----- Listed records -----

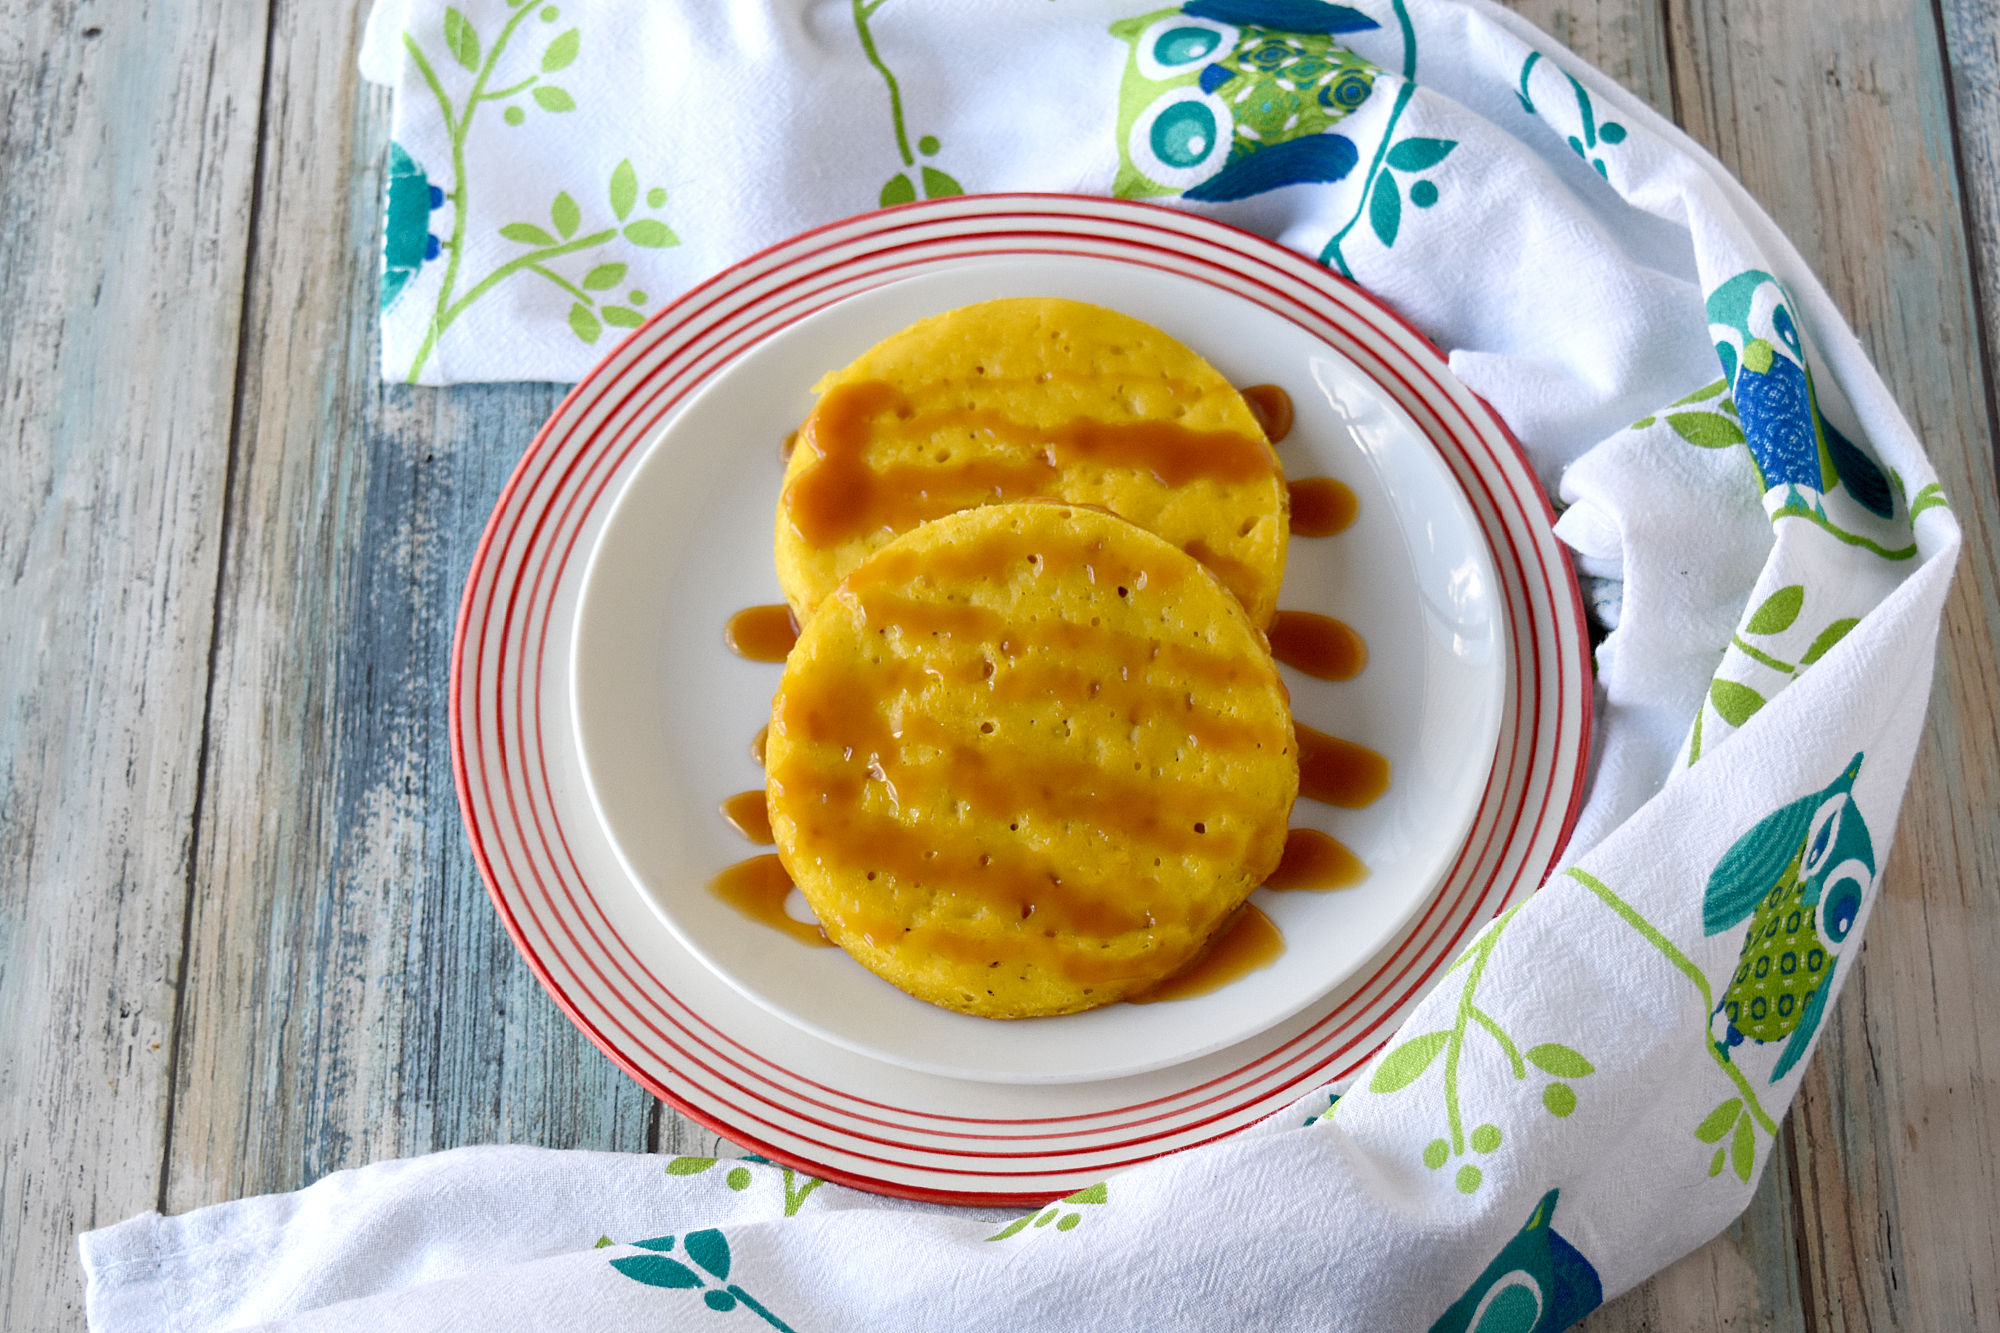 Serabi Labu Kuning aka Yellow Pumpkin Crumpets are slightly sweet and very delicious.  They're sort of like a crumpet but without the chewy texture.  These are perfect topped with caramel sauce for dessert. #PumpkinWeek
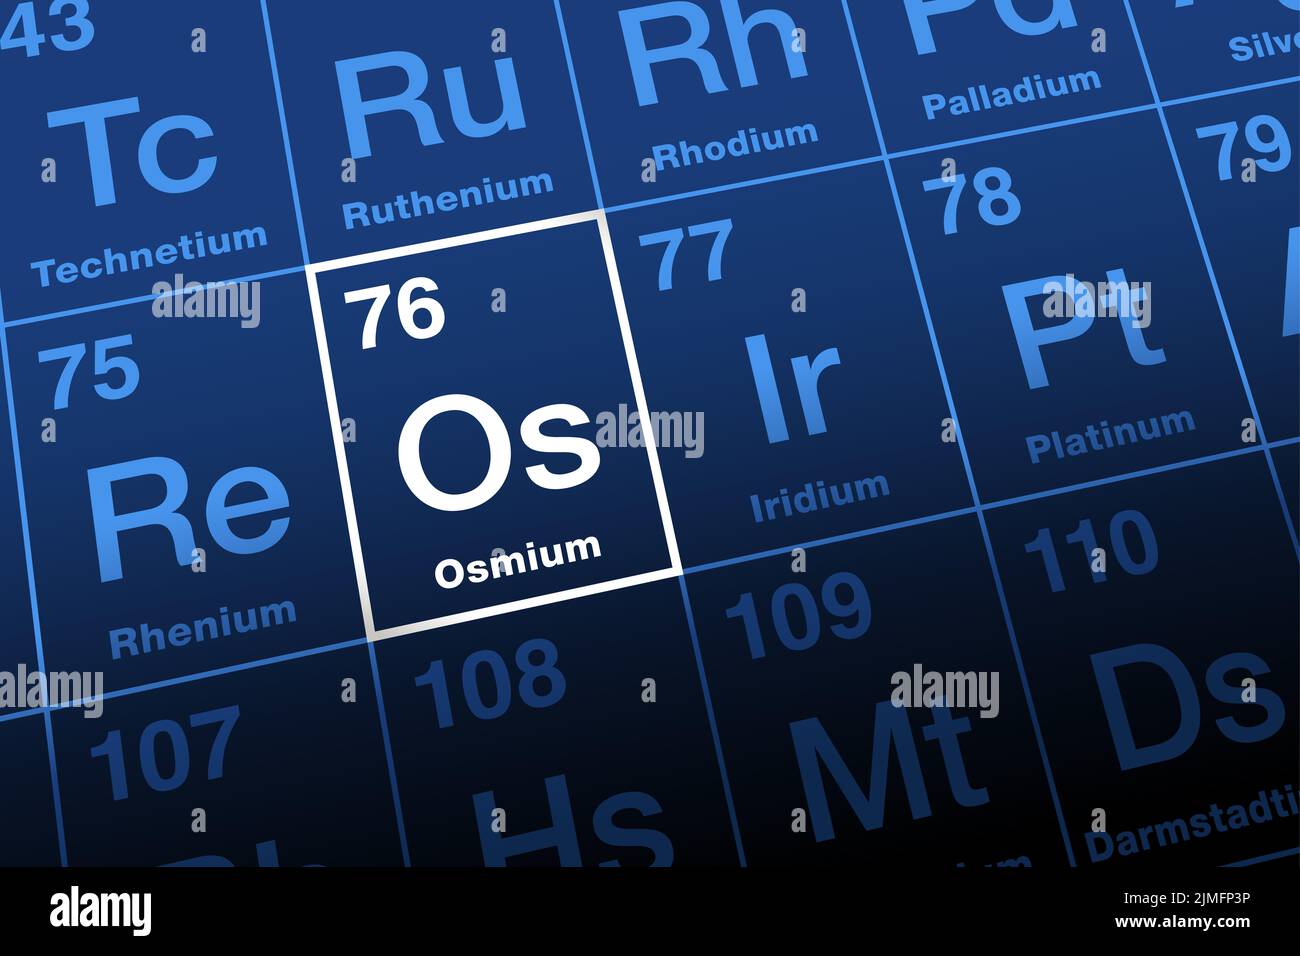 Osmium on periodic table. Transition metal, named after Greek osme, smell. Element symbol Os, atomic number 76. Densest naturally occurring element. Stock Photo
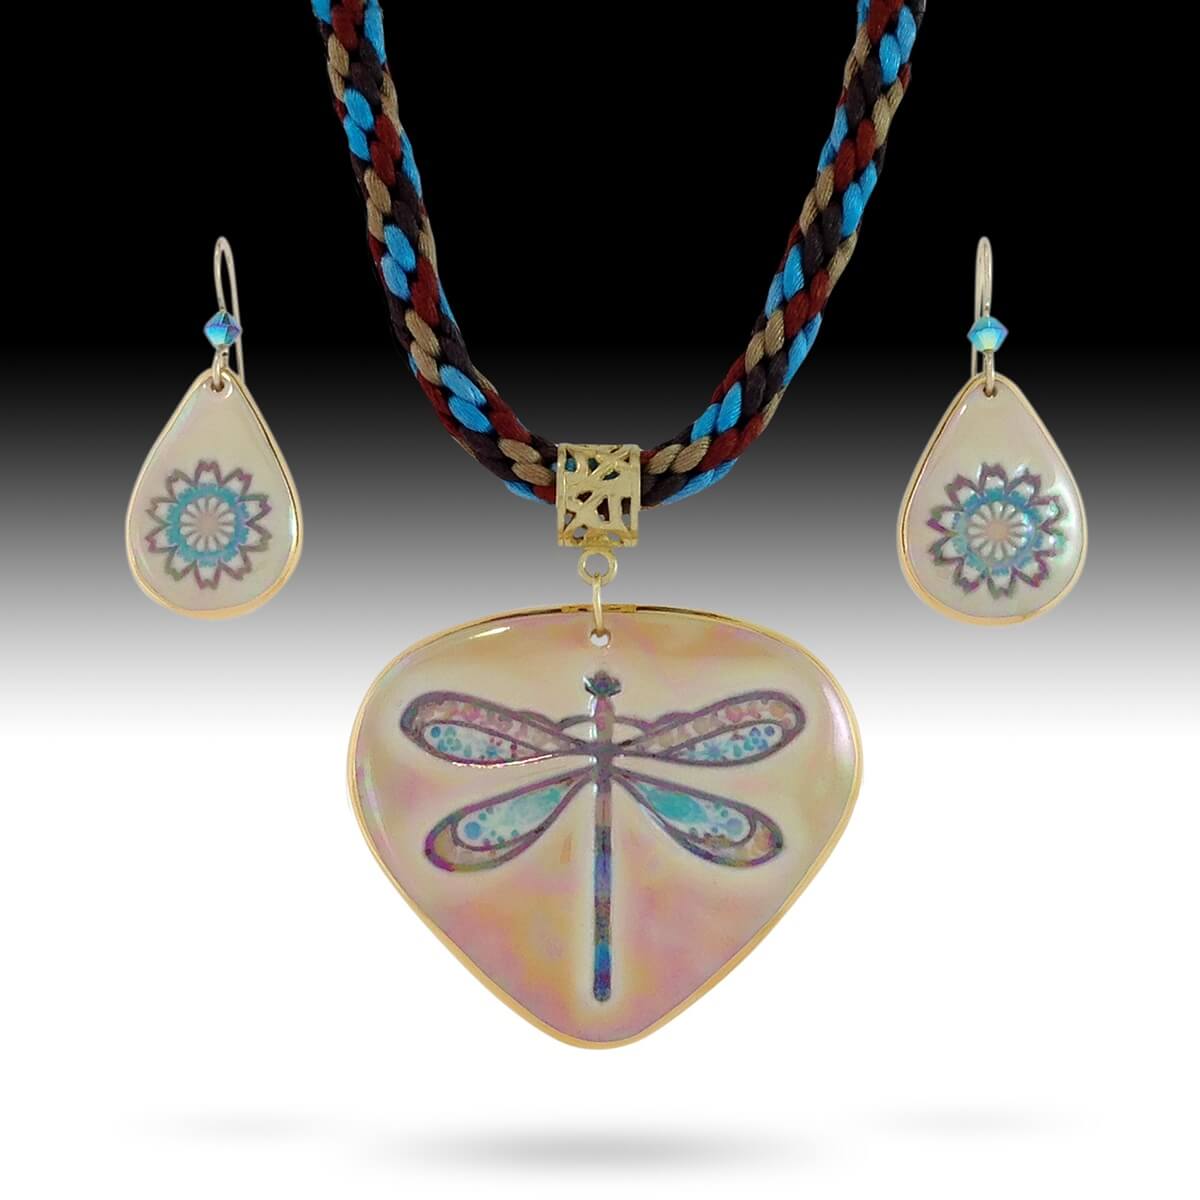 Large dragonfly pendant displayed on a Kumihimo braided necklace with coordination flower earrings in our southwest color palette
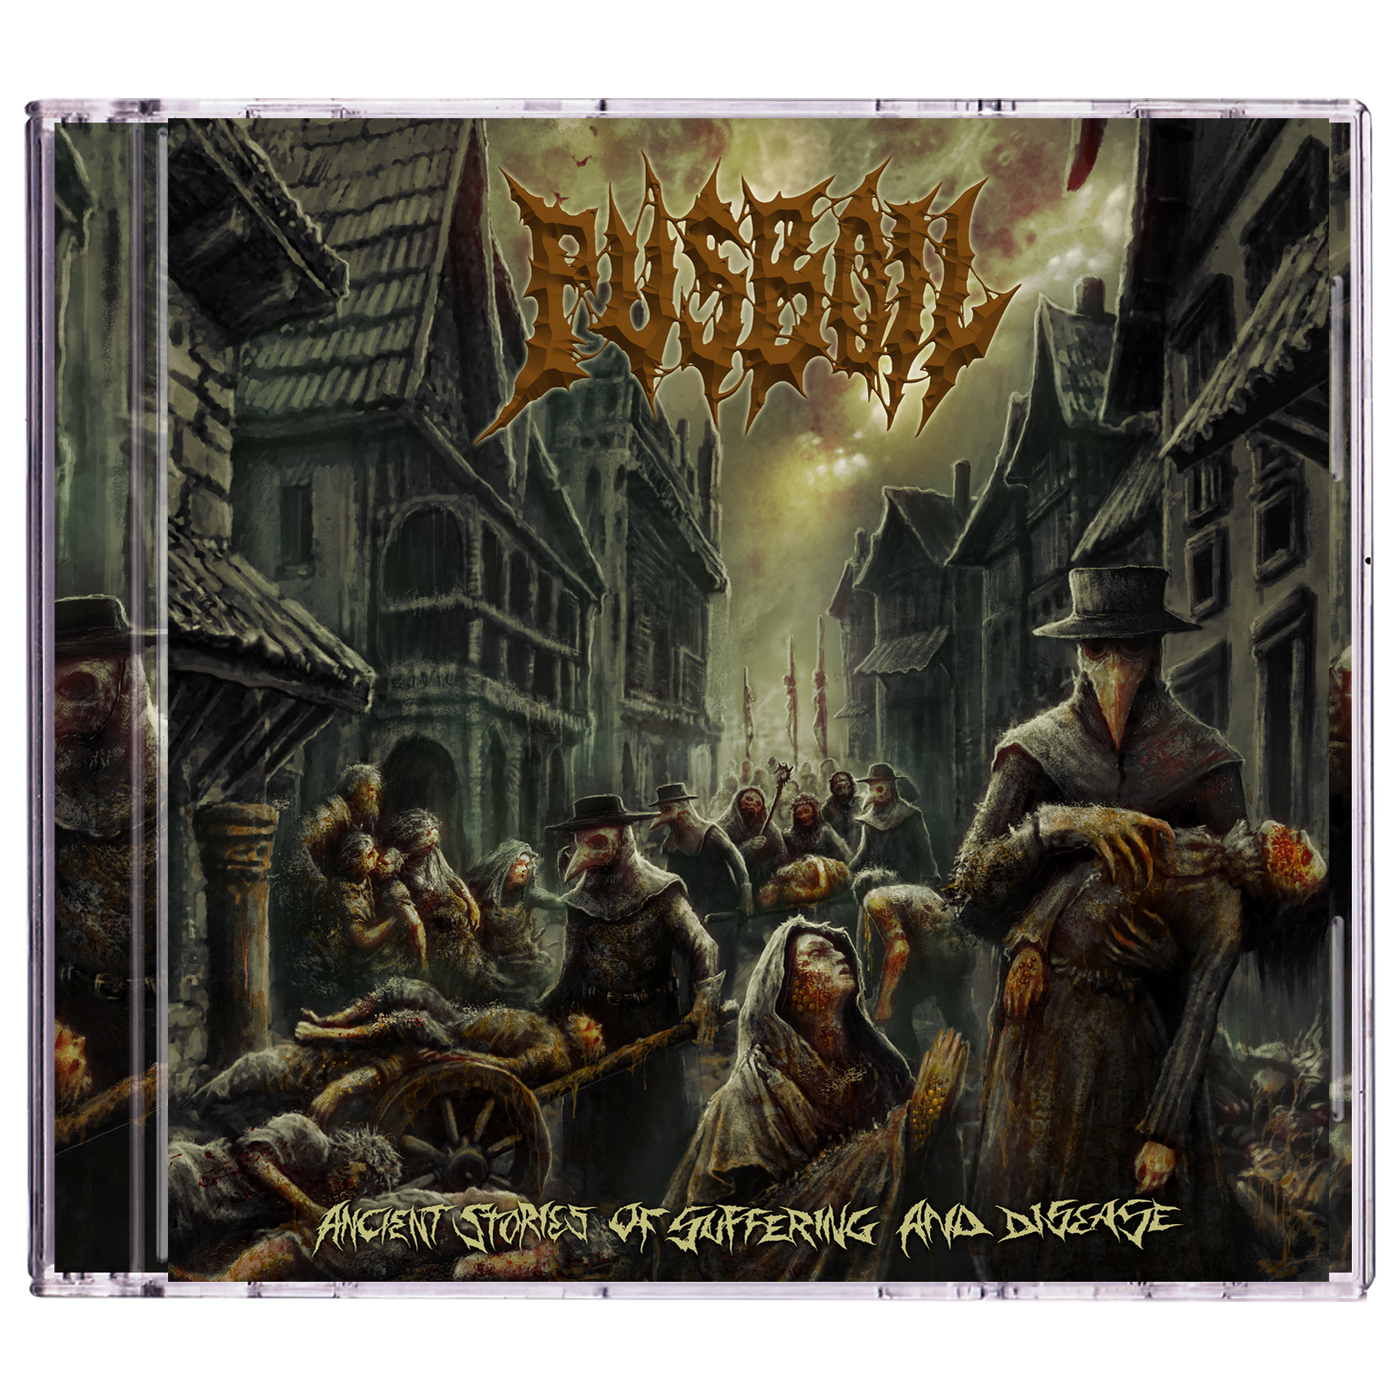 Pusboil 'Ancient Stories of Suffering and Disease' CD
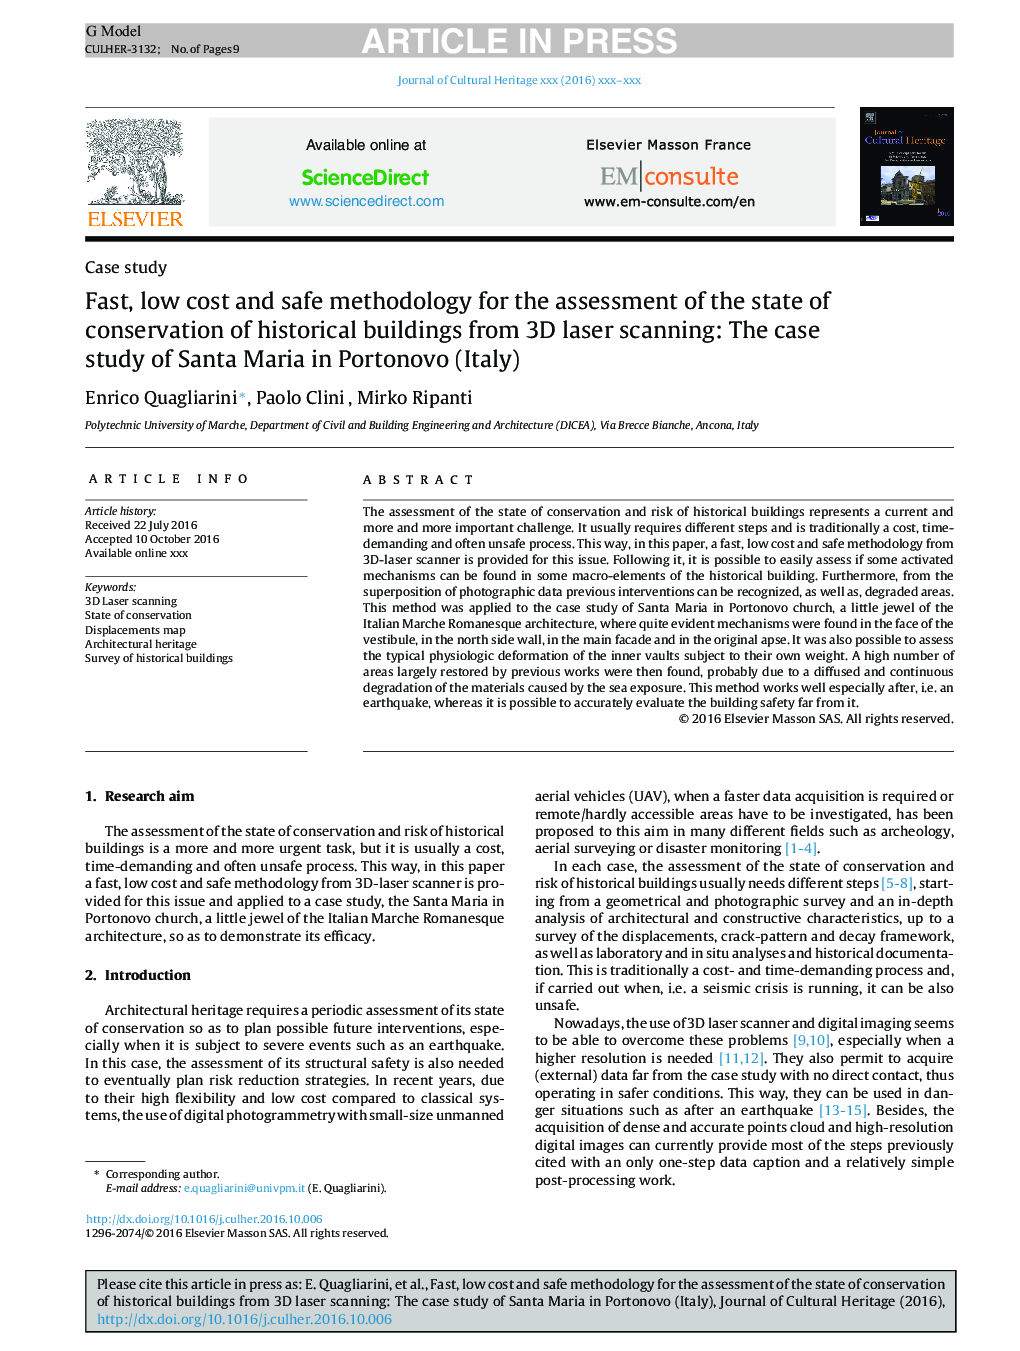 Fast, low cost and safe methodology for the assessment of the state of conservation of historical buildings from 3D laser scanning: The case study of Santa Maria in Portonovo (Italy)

-----

Exercise requirements: None of the pictures should be carried over when the data above is transcribed exactly.

Solution to this exercise:
 Serabi Labu Kuning aka Yellow Pumpkin Crumpets are slightly sweet and very delicious.  They're sort of like a crumpet but without the chewy texture.  These are perfect topped with caramel sauce for dessert. #PumpkinWeek
 Osmium on periodic table. Transition metal, named after Greek osme, smell. Element symbol Os, atomic number 76. Densest naturally occurring element. Stock Photo
 Large dragonfly pendant displayed on a Kumihimo braided necklace with coordination flower earrings in our southwest color palette
 Pusboil 'Ancient Stories of Suffering and Disease' CD
 Fast, low cost and safe methodology for the assessment of the state of conservation of historical buildings from 3D laser scanning: The case study of Santa Maria in Portonovo (Italy)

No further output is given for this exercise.